Claudio Treves (24 March 1869 – 11 June 1933) was an Italian politician and journalist.

==Life==
===Youth===
Claudio Treves was born in Turin into a well off assimilated Jewish family. As a student he participated in the Radical milieu of Turin and, in 1888, he joined first his university's student radical circle, then the local independent labor union, influenced by the Milanese socialist Filippo Turati. In 1892 he graduated in law and made his way into the militant socialist community.

===PSI===
Treves became a member of the managing committee of the Piedmontese regional federation of the Partito Socialista Italiano (PSI), and in 1894, prosecuted under the 'exceptional laws' on sedition, he spent two months in prison. For some years after he travelled abroad, spending two years to Berlin, then on to Paris, Switzerland, Netherlands, Belgium and Scandinavia. All the while Treves was sending reports from these countries to Avanti!, the Italian socialist paper. He contributed to several newspapers and periodicals, among which were Per l'idea, Grido del popolo (which he edited from 1896 to 1898), Critica Sociale, Lotta, Lotta di classe, Rassegna popolare del socialismo, Riscatto and, finally, Milan's Università popolare where he was on the editorial board until 1915.

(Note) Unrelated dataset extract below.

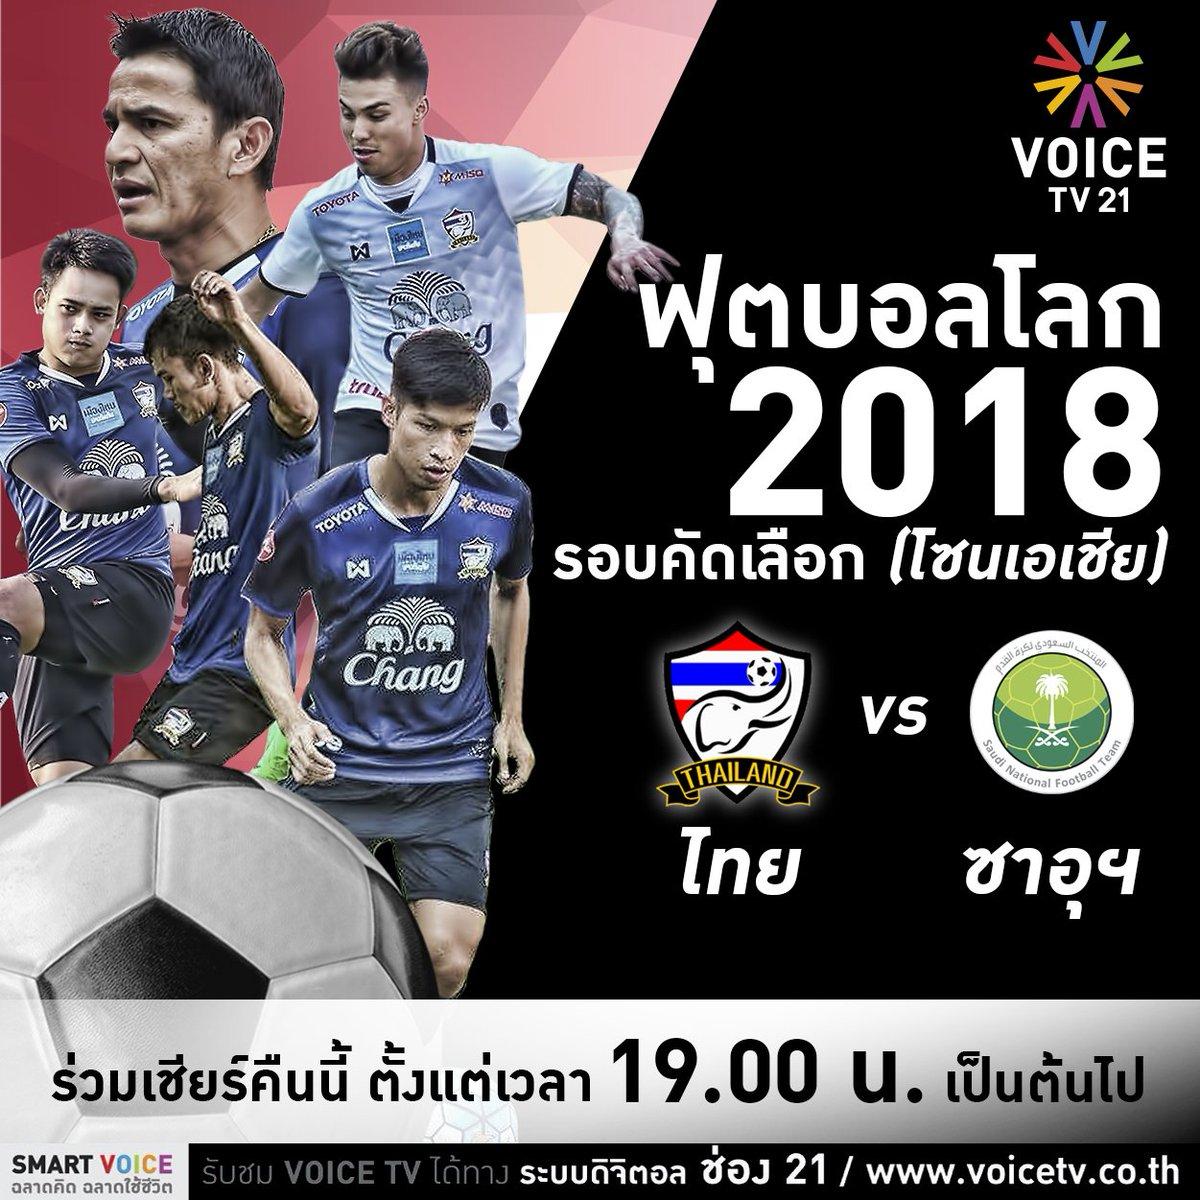 พร้อมกันหรือยัง ไทย เปิดราชมังฯ ฟัด ซาอุฯ 19.00 น. #บอลไทย #คัดบอลโลก...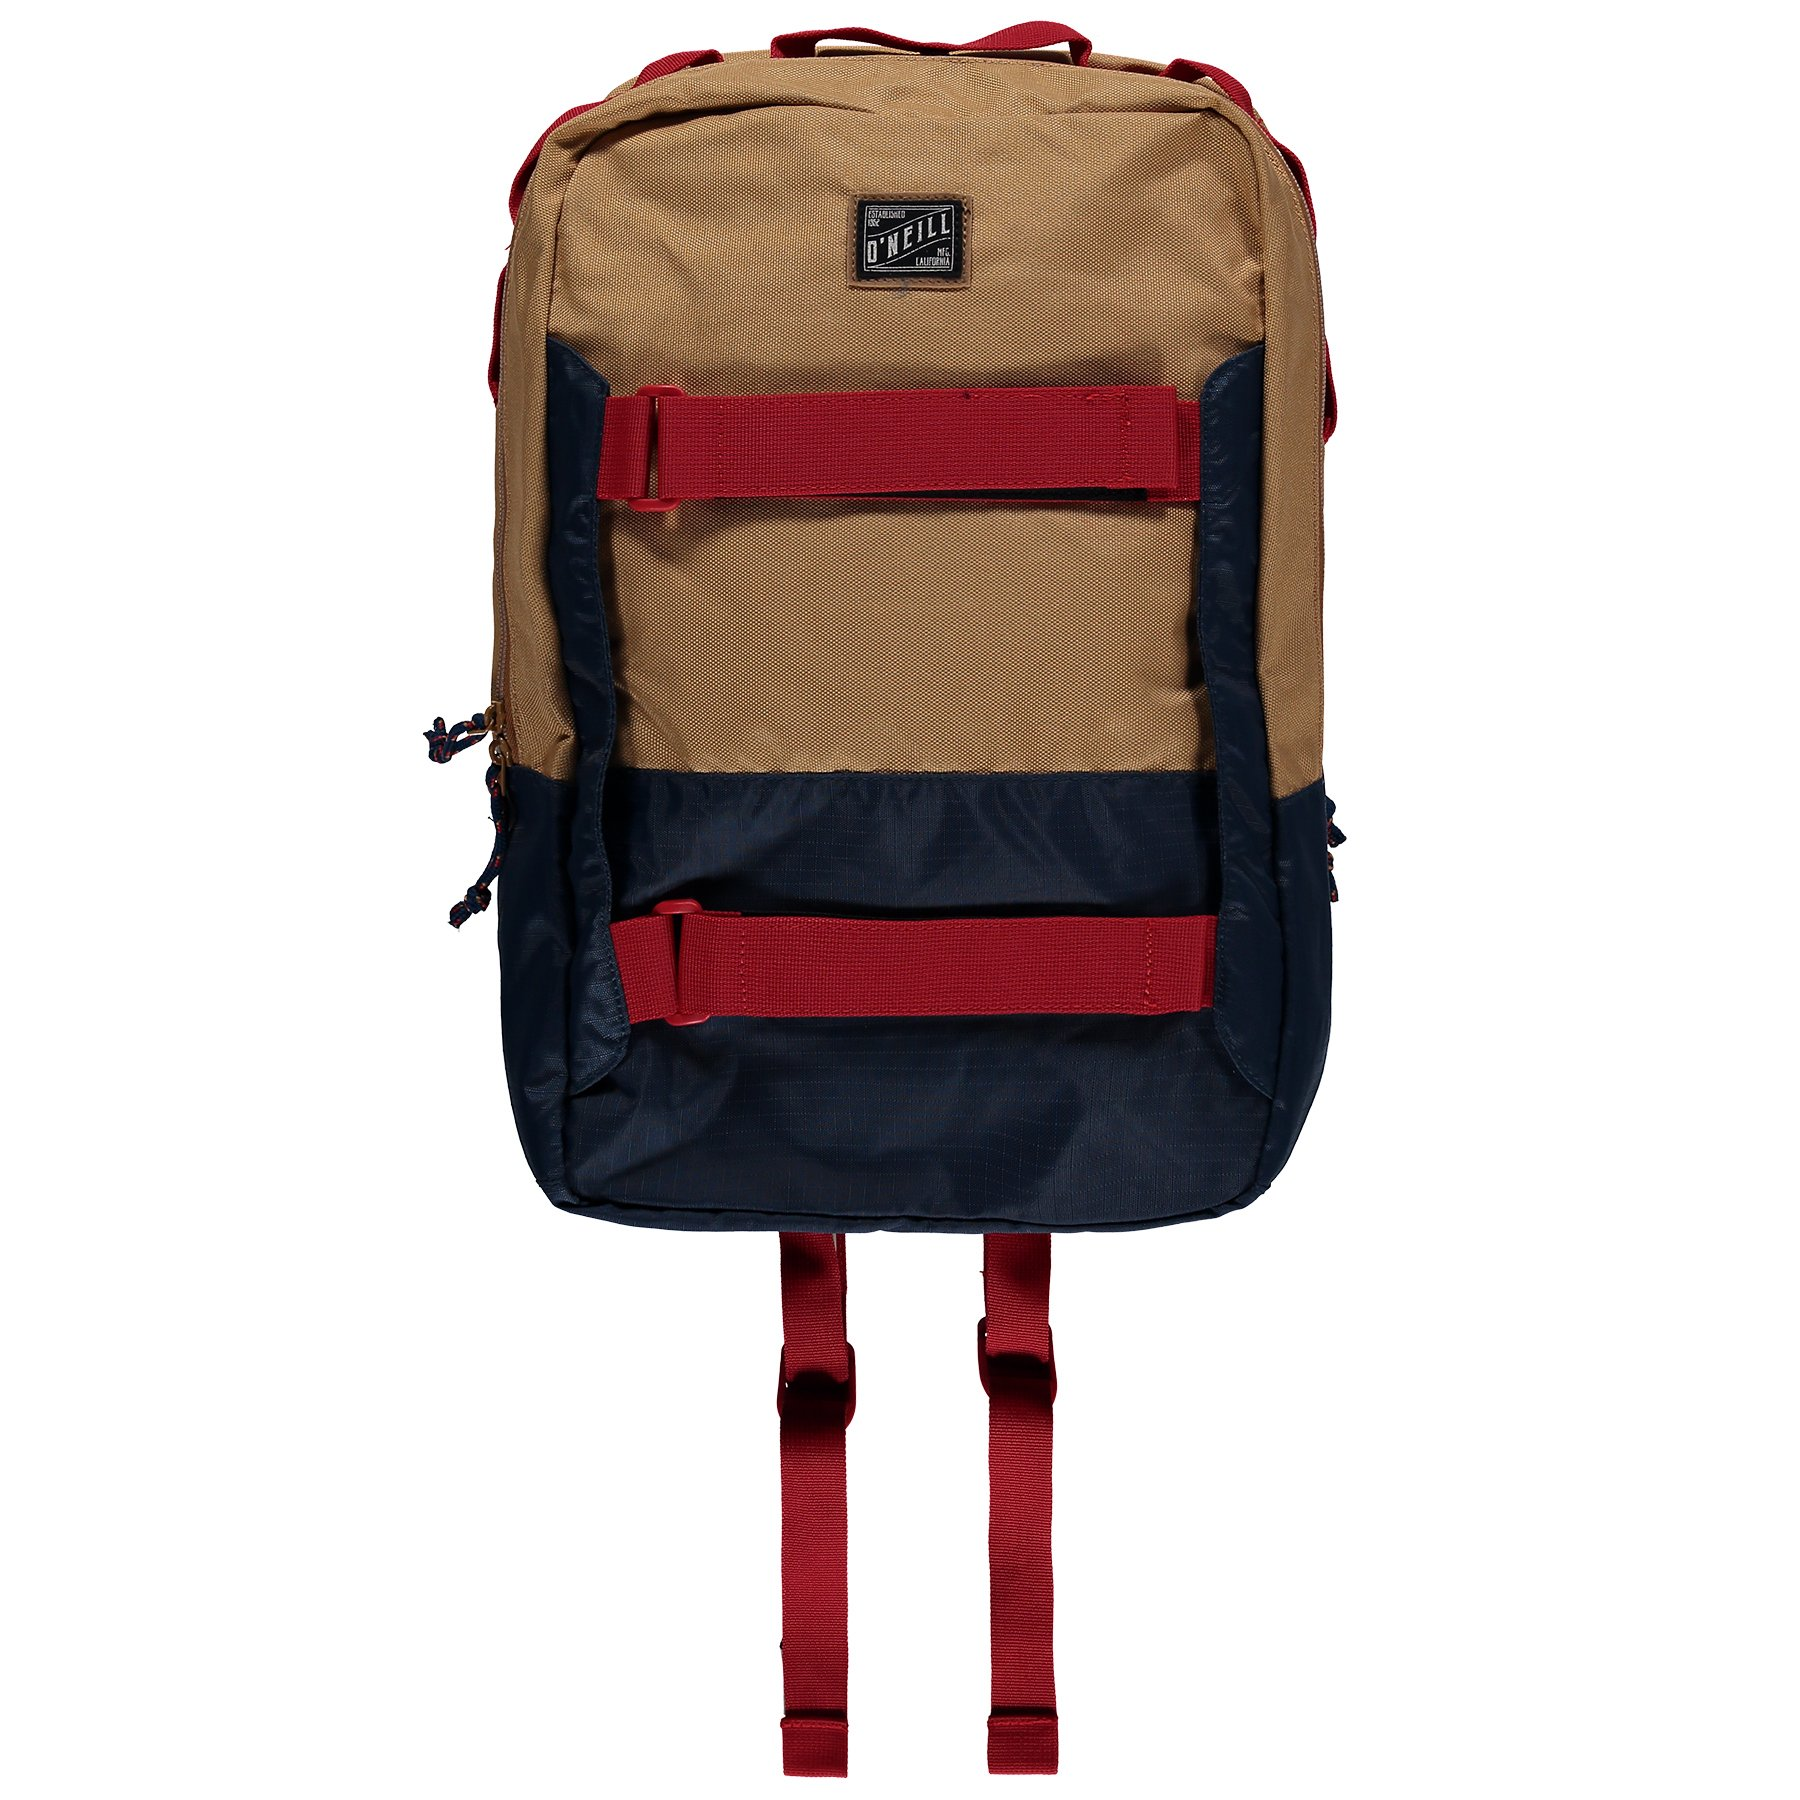 Mit diesem Rucksack steht der nächsten Surf-Expedition nichts mehr im Weg.

===From the PSI to the PSU===
In 1899 he moved to Milan to become editor of the daily Il Tempo, which under his stewardship became a leading voice for greater democracy and the Italian Reformist Socialist movement. Working closely with Turati, in 1906 he was elected deputy from Milan. over the next decade, the PSI see-sawed between reformist and revolutionary factions. Seen as far too close to Giovanni Giolitti and the Liberals, Turati and the Reformists lost control of the party in 1904, regained it in 1908, only to lose it again in 1912. After the Milan conference of the PSI in 1910 he was named editor of Avanti!, a job in which he was succeeded in 1912 by Giovanni Bacci and later Benito Mussolini before the one time socialist's drift to the right. As a result of the division in the socialist movement between 'Maximalists' and Reformists, in 1922, with Turati, Giacomo Matteotti, and Treves founded the Unitary Socialist Party (PSU). He was named editor of the party's paper, La Giustizia, only to see it closed by state order of the new Fascist government in 1925.

===Exile===
In November 1926 Treves fled into exile, emigrating first to Switzerland and then to France, where he was one of the more frequent collaborators of the weekly journal of the PSLI (the underground successor to the now outlawed PSU), Rinascita socialista. In 1927 he was named editor of La Libertà, journal of the Concentrazione Antifascista Italiana, a coalition of non-communist Italian anti-fascist groups. In 1930 he supported the unification of the PSLI and the PSI. Always attentive to the evolution of European Socialism, he attended the British Labour Party conference of 1930, the international trade union conference in Madrid in June 1931 and the conference of the Socialist International in Vienna in July 1931.

He died on 11 June 1933, still in exile in Paris, and in 1948 his ashes were returned to Milan.

===Family===
Treves' son, Paolo Treves, later succeeded him as a militant of the PSI and editor of Avanti!, while his sister, Annetta Treves, was also active in Milanese politics. She is the mother of writer and activist Carlo Levi.

In the Florestano Vancini's film The Assassination of Matteotti (1973), Treves is played by Manlio Busoni.